In bioinformatics we should draw a parallel. Fortunately, in computer science the protocols are implicitly described in excruciating detail through the source code. Unfortunately bioinformatics protocols are rarely in code entirely: data files are downloaded and tidy up manually, tasks are scheduled manually, infrastructure results are placed in ad-hoc locations. The consequence is that the standards in code reusability and reproducibility are still quite low. Most difficulties strive for technical issues, which I set-out to solve in this framework.

My approach is to lay-out a complete approach to software development tailored for bioinformatics. This approach should make sure that the software produced is as useful as possible without increasing the work for the developer. To achieve this, we provide an complete infrastructure that has two objectives: make development easier and make the resulting software more useful. In other words, the framework should not impose on the developer, but it should help first and foremost its current development.

Protocols, recipes and Workflows

A protocol or recipe can be though of a number of tasks that have to be performed. These tasks might depend on other being completed first, and establish a sort of workflow. For bioinformatics we propose the following constrains: each task produces a result file, the result file depends on the results of previous tasks, and the inputs the task receives. Furthermore, the same task, with the same inputs should always produce the same results.

Our approach has a number of advantages. First, the idea of tasks producing files parallels with a common pattern in computer science dating back to the dawn of compiler technology. In fact the Makefile tool works in this way, it specifies how different object files are compiled from their sources, and how they are packaged in libraries and executables. Makefiles however do not support parametrization through variables very easily, but again this is just a technical issue. Given the set of parameters collectively required by all tasks involved in a workflow, the result of each workflow is completely specified, thus it is possible to reuse these partial results intelligently and update them incrementally when parameters change; it is easy to determine if the result of a task changes based on its parameters or in the parameters of tasks that it depends on.
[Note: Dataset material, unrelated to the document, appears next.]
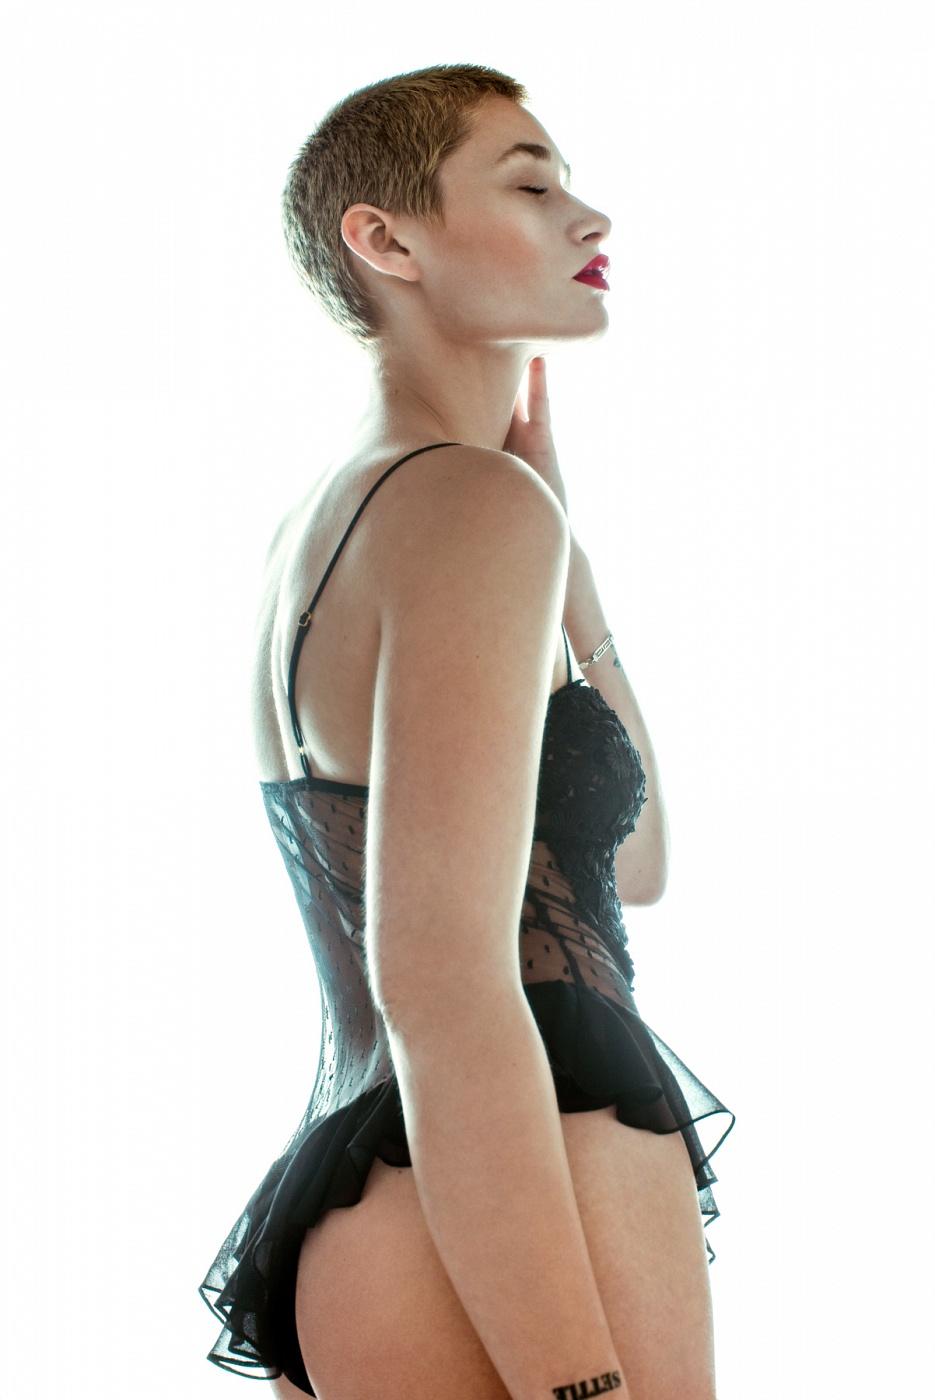 Jess Wilder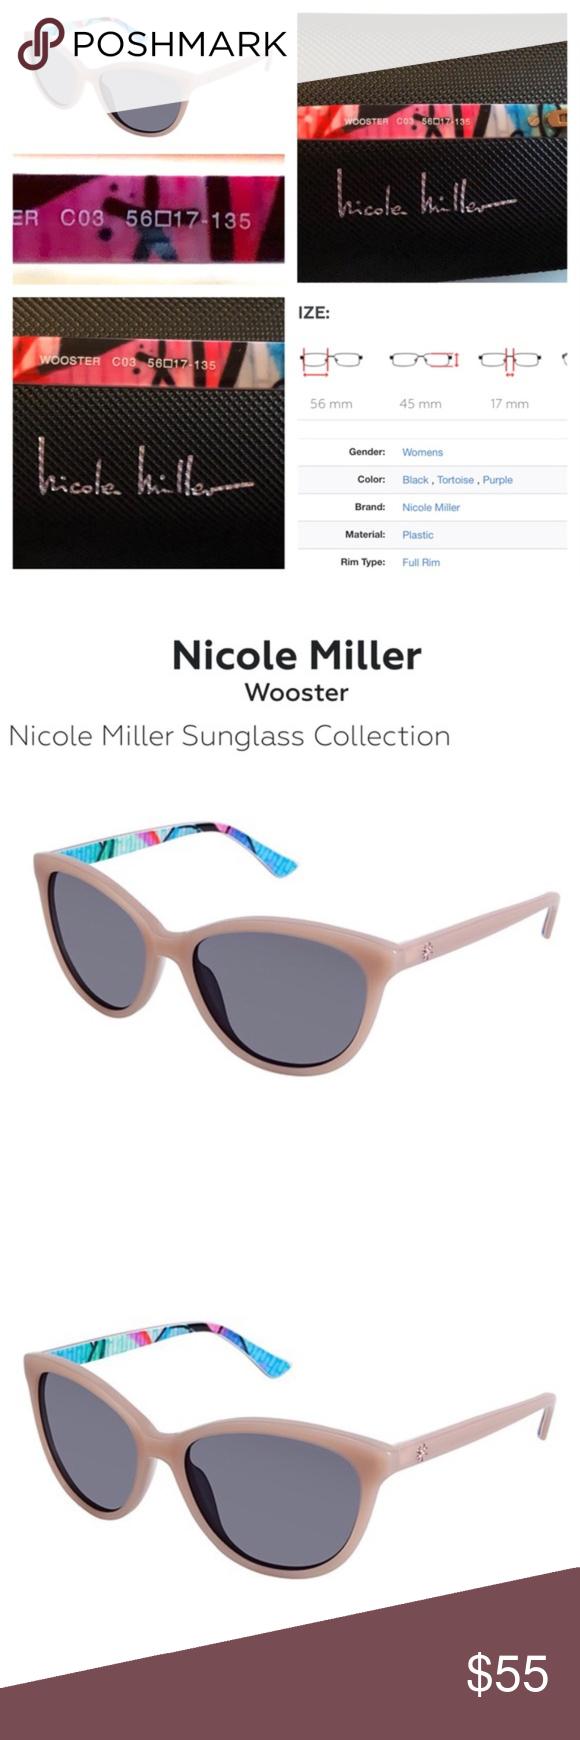 1d08e425f39b3 Nicole Miller Wooster Semi Cat Eye Sunglasses The Nicole Miller Wooster is  a superb Sunglasses Fully

In brief, all that is needed to specify a recipe is the task themselves, a description of their inputs and the dependency graph they form. The Workflow subsystem takes care of all these details, providing a simple, succinct, and expressive way to define these tasks. Workflows are declared though a completely programmatic API, unlike other workflow enactment tools which require XML configuration files. Having a completely programmatic way to define workflows makes them easier to define, since the are not authoring tools required to write XML or configuration file, the syntax is clear, since is just Ruby code, and furthermore, workflows themselves can be natively defined from other code.

The following simple example gives us a taste for how workflows look:

require 'rbbt/workflow'
require 'rbbt/util/tmpfile'

module TestWF
  extend Workflow

  input :name, :string, "Name to praise"
  task :praise => :string do |name|
    puts "I'm thinking a praise for #{name}"
    "#{name} is such a nice fellow"
  end

  dep :praise
  input :times, :integer, "How many times to praise"
  task :insist => :array do |times|
    [step(:praise).load] * times
  end
end

TmpFile.with_file do |workdir|
  TestWF.workdir = Path.setup(workdir)

  puts TestWF.job(:praise, "Test", :name => "Miguel").run

  puts TestWF.job(:insist, "Test", :name => "Miguel", :times => 2).run * ", " + '...'
  puts TestWF.job(:insist, "Test", :name => "Miguel", :times => 3).run * ", " + '...'

  puts TestWF.job(:insist, "Test", :name => "Luis", :times => 3).run * ", " + '...'
end

Result

I'm thinking a nice praise for Miguel
Miguel is such a nice fellow
Miguel is such a nice fellow, Miguel is such a nice fellow...
Miguel is such a nice fellow, Miguel is such a nice fellow, Miguel is such a nice fellow...
I'm thinking a nice praise for Luis
Luis is such a nice fellow, Luis is such a nice fellow, Luis is such a nice fellow...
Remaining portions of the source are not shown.